# Decision Trees

```{image} https://cdn.mathpix.com/snip/images/Hhr4nUXPvrS7xn4jX0WeDJFYuaZyBZT_P1WBCr1W4_k.original.fullsize.png
:alt: Decision Trees
:align: center
:width: 90%
```

Decision trees are a type of supervised learning algorithm used for both classification and regression tasks, though they are more commonly used for classification. They are called "decision trees" because the model uses a tree-like structure of decisions and their possible consequences, including chance event outcomes, resource costs, and utility.

## How Decision Trees Work

The algorithm divides the data into two or more homogeneous sets based on the most significant attributes making the groups as distinct as possible. It uses a method called "recursive partitioning" or "splitting" to do this, which starts at the top of the tree (the "root") and splits the data into subsets by making decisions based on feature values. This process is repeated on each derived subset in a recursive manner called recursive partitioning. The recursion is completed when the algorithm cannot make any further splits or when it reaches a predefined condition set by the user, such as a maximum tree depth or a minimum number of samples per leaf.

## Components of Decision Trees

- **Root Node**: Represents the entire dataset, which gets divided into two or more homogeneous sets.
- **Splitting**: Process of dividing a node into two or more sub-nodes based on certain conditions.
- **Decision Node**: After splitting, the sub-nodes become decision nodes, where further splits can occur.
- **Leaf/Terminal Node**: Nodes that do not split further, representing the outcome or decision.
- **Pruning**: Reducing the size of decision trees by removing parts of the tree that do not provide additional power to classify instances. This is done to make the tree simpler and to avoid overfitting.

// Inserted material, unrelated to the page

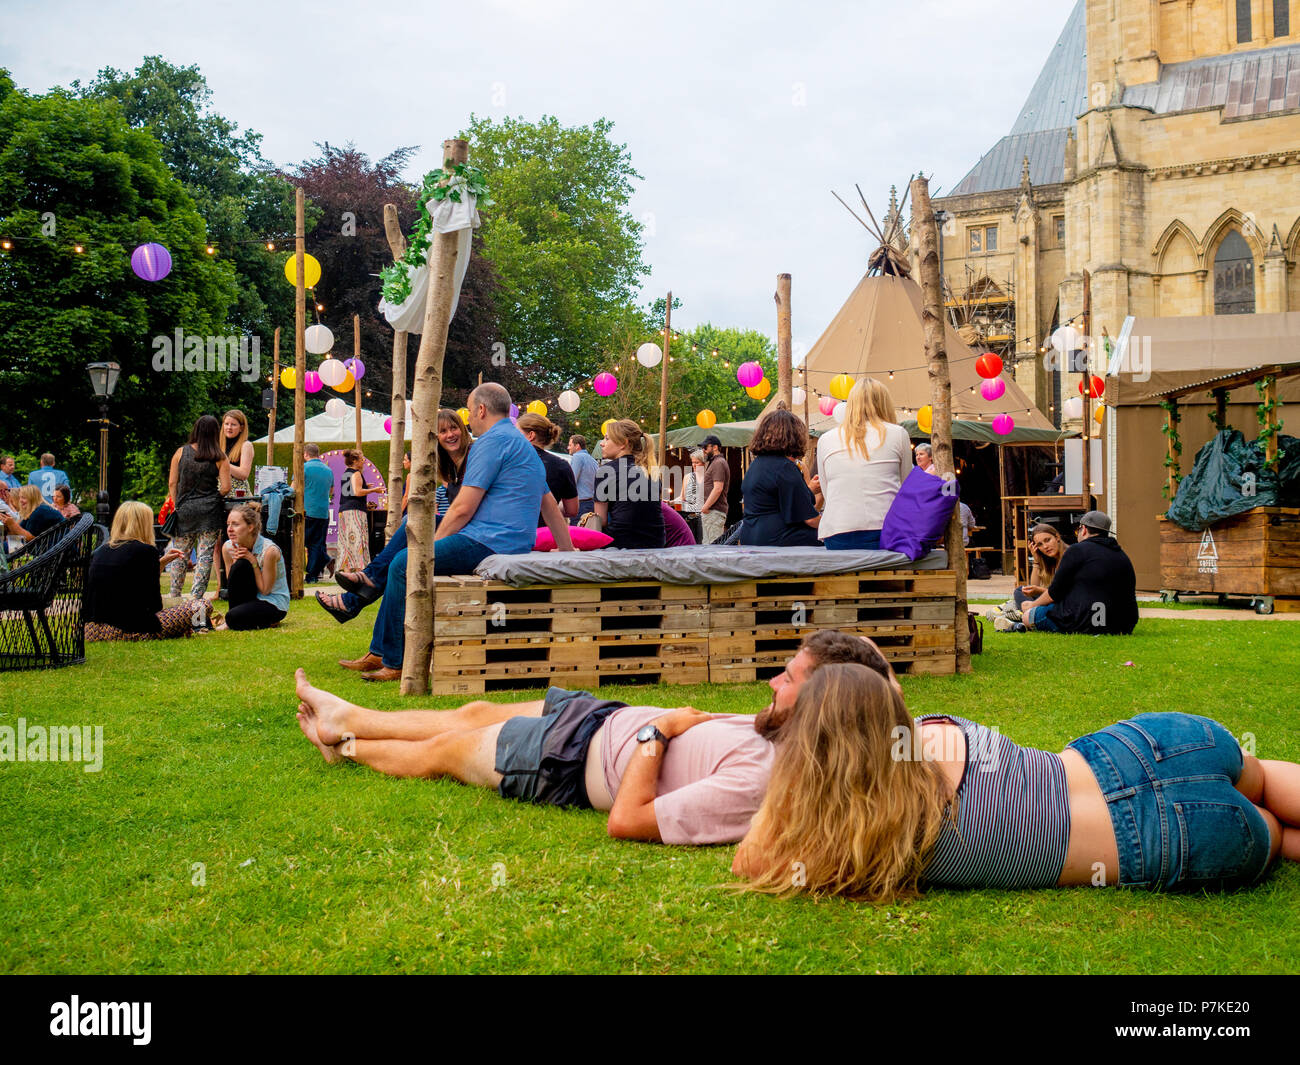 York, UK. 6th July 2018. SÓL ÁST – the pop-up bar with a summery vibe – begins a two month residency in the shadows of York Minster. Two linked canvas tipis adorned with greenery and lanterns form the unique venue, combining indoor cosiness with a unique summer theme set against one of the world’s most spectacular gothic backdrops. The event is part of the “Summer in the Park: Heart of Yorkshire” festival that is being hosted the Dean’s Park by York Minster throughout the summer. Credit: Bailey-Cooper Photography/Alamy Live News Stock Photo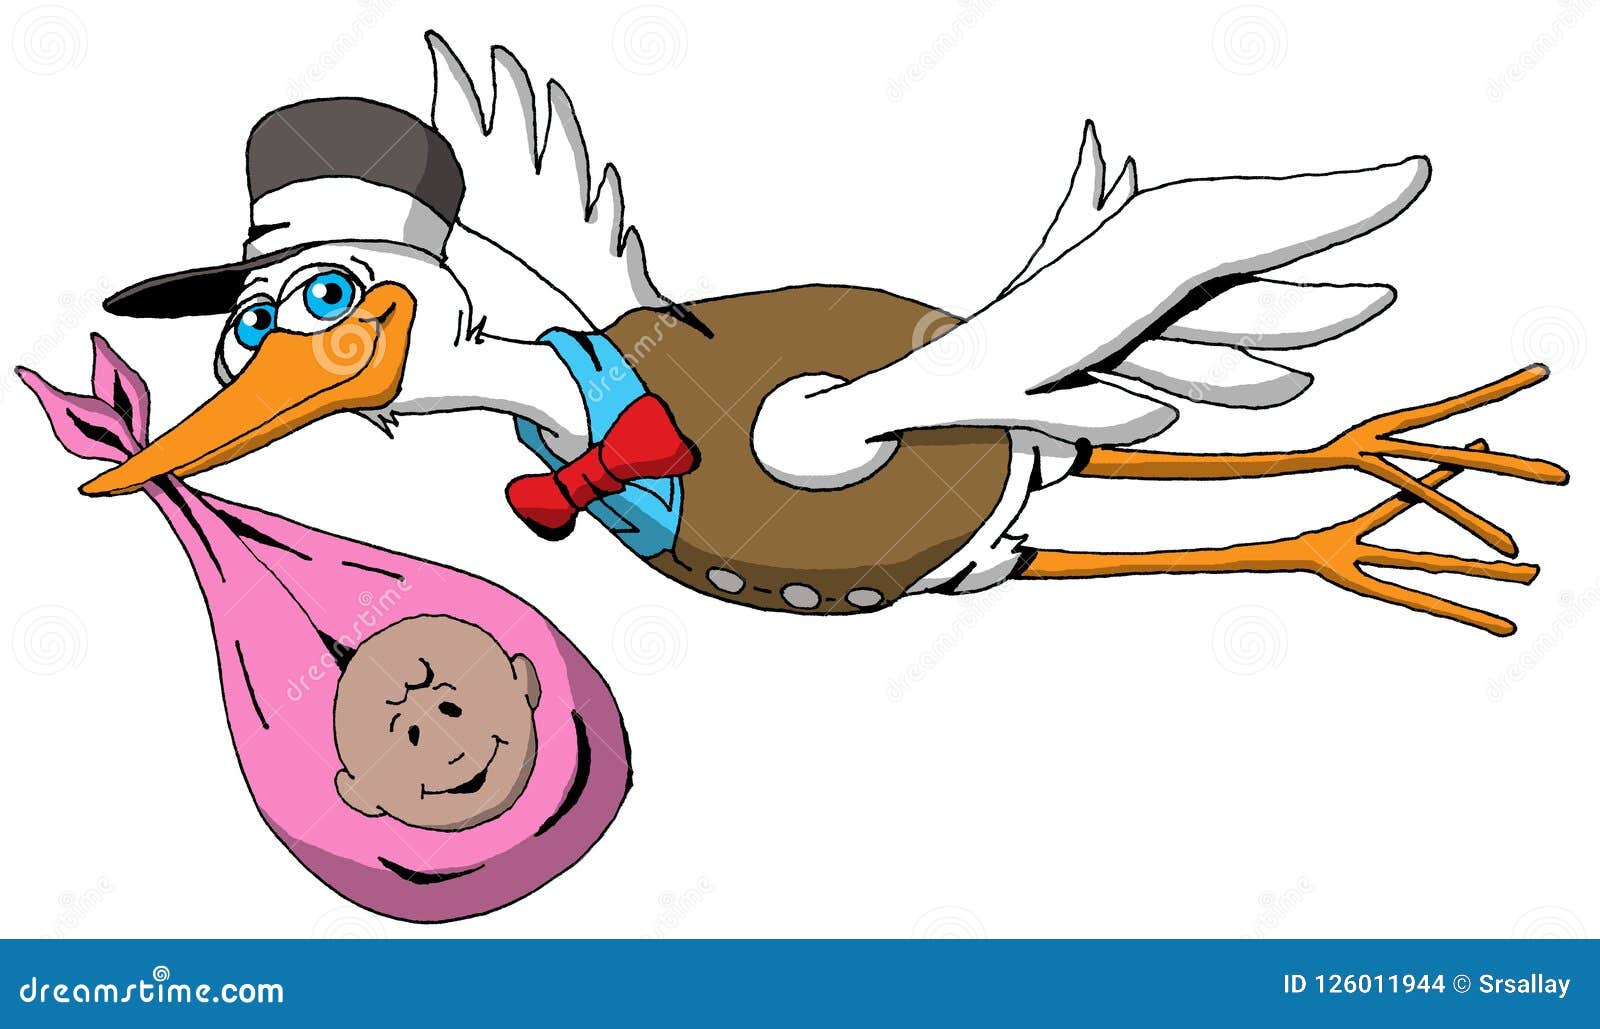 A Very Happy Stork on His Way To Deliver a Baby Stock Vector - Illustration  of clipart, infant: 126011944

```{image} https://cdn.mathpix.com/snip/images/Vq66kx7sefZXguwCIqy1TM60U-zcpGlsFYILno-HBQY.original.fullsize.png
:alt: Knn
:align: center
:width: 90%
```

## Criteria for Splitting

Decision trees use various metrics to decide how to split the data at each step:
- For classification tasks, commonly used metrics are Gini impurity, Entropy, and Classification Error.
- For regression tasks, variance reduction is often used.

## Example

Imagine you want to decide on the activity for your weekend. The decision could depend on multiple factors such as the weather and whether you have company. A decision tree for this scenario might look something like this:

- The root node starts with the question: "Is it raining?" 
    - If "Yes", the tree might direct you to a decision "Stay in and read".
    - If "No", it then asks, "Do you have company?" 
        - If "Yes", the decision might be "Go hiking".
        - If "No", the decision could be "Visit a cafe".

This example simplifies the decision tree concept. In real-world data science tasks, decision trees consider many more variables and outcomes, and the decisions are based on quantitative data from the features of the dataset.

## Advantages and Disadvantages

**Advantages:**
- Easy to understand and interpret.
- Requires little data preparation.
- Can handle both numerical and categorical data.
- Can handle multi-output problems.

**Disadvantages:**
- Prone to overfitting, especially with complex trees.
- Can be unstable because small variations in the data might result in a completely different tree being generated.
- Decision boundaries are linear, which may not accurately represent the data's actual structure.

To combat overfitting, techniques like pruning (reducing the size of the tree), setting a maximum depth for the tree, and ensemble methods like Random Forests are often used.